The study titled “Over The Edge: Countering Violent Extremism Among Vulnerable Refugee Communities In Malaysia”, initiated in mid-2019, revealed key themes in the discourse of radicalism among Rohingya refugees such as refugee vulnerability, sentiments towards violence, and feelings.

“There are three reasons that underpin the Rohingya’s migration to other countries.

“The first reason is due to persecution they faced back in their own country usually from the Myanmar army,” the think tank said.

The study found that besides institutional persecution, Rohingya refugees also migrated due to lack of opportunities for them back in Myanmar.

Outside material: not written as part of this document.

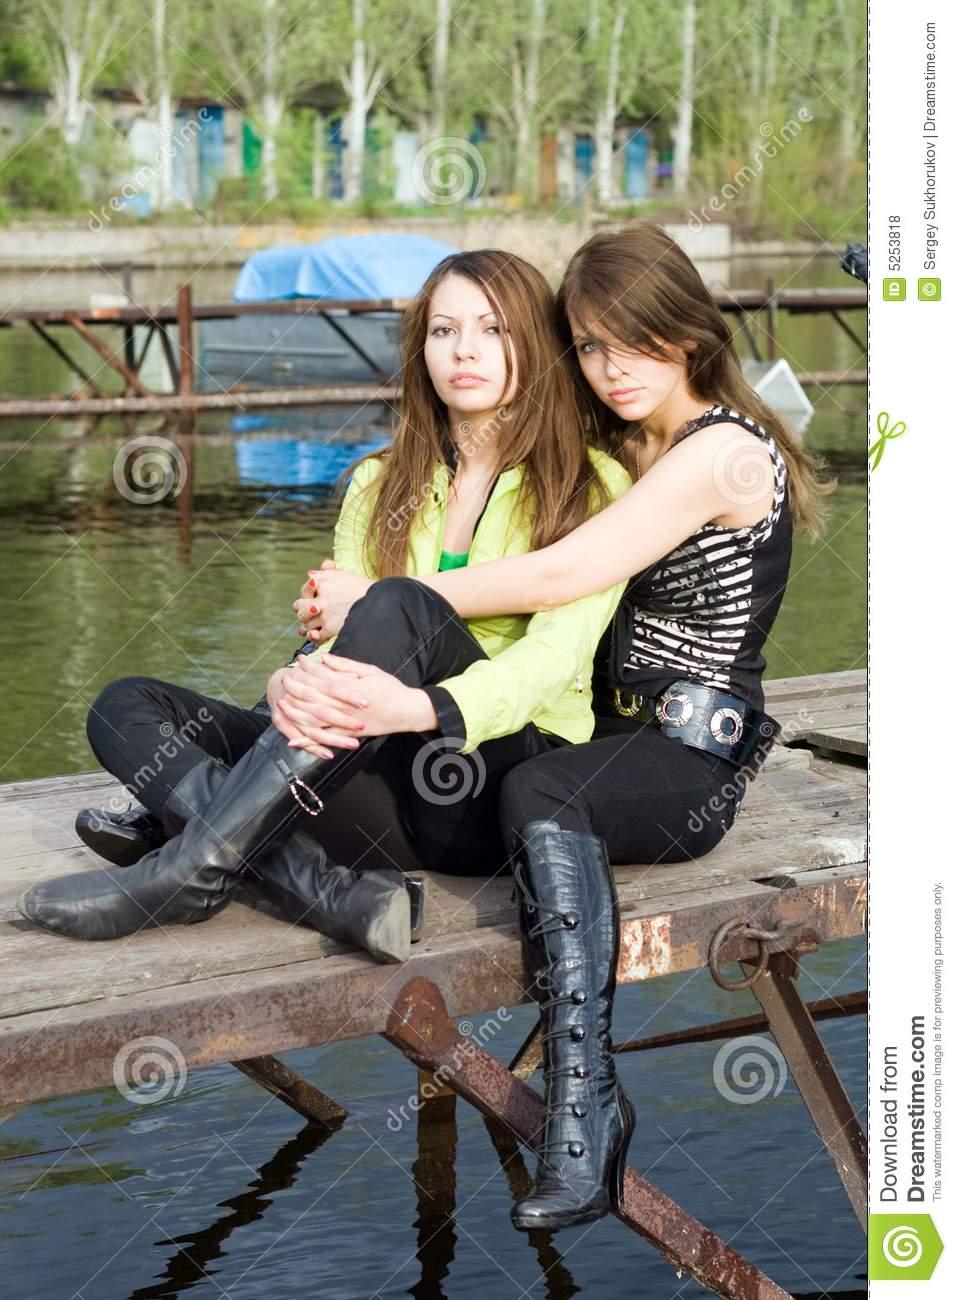 Фото двух девушек вместе 21 фотография

“Constant discrimination leaves them unable to work and earn a living, while obtaining food supplies is also a challenge as their movement is restricted,” the think tank said.

Iman Research said Rohingya's vulnerability in Malaysia is also one of the aspects that needed to be looked into.

“Even as they migrated to Malaysia for safety, respondents struggled to survive by doing odd jobs illegally and earning meagre wages.

“Participants also cited several other concerns such as their children’s education and future, living conditions, refugee rights and access to healthcare services,” the think tank said.

Sentiments towards violence

As part of the data collection process, topics of violence were discussed by Iman field researchers with Rohingya communities to gauge reasons that might justify violent acts.

The first reason cited in the study was the failure of governments and authorities in easing their situation.

The study also found that some respondents regard violence as necessary and not a bad thing because to them it is just one of the ways to avoid being abused. 

“Though most participants renounce the use of violence in any situation, their painful experiences have driven a few to justify using violence to protect themselves and their rights, especially against the Myanmar authorities,” the think tank said.


Most participants showed visible anger, frustration, disappointment, distrust, and also felt alienated.

“A lot of these feelings stem from the protracted crisis they are in.

“Feelings of anger, disappointment and distrust were mostly directed towards the Myanmar authorities, which is blamed for causing this dire situation,” Iman Research said.

The study also revealed that frustration is a feeling that has been very obvious within the Rohingya community. 

“Most of the frustration stems from their current state in Malaysia and the double standards in treatment from the Burmese government.

“In Malaysia, their frustration stems from being unable to provide education for their children - given that Rohingyas are not citizens and hence, do not have access to formal education.

“There were also those who expressed frustration at their treatment by the Malaysian authorities,” the think tank said.

Violent tendencies

Through the analysis of these findings, the study found that that pull factors towards violent extremist groups among Rohingya refugee communities in Malaysia may be present in terms of violent intention, Jihadism intention and justification for violent action, as well as feelings of frustration, distrust, anger and alienation.

“All of these elements which were present under beliefs, attitudes and ideology may be considered as the pull factors that drew Rohingya refugee communities in Malaysia towards violent extremist groups.

“In terms of push factors, Rohingya refugee communities are denied opportunities to work in Malaysia while the financial system is also disadvantageous to them.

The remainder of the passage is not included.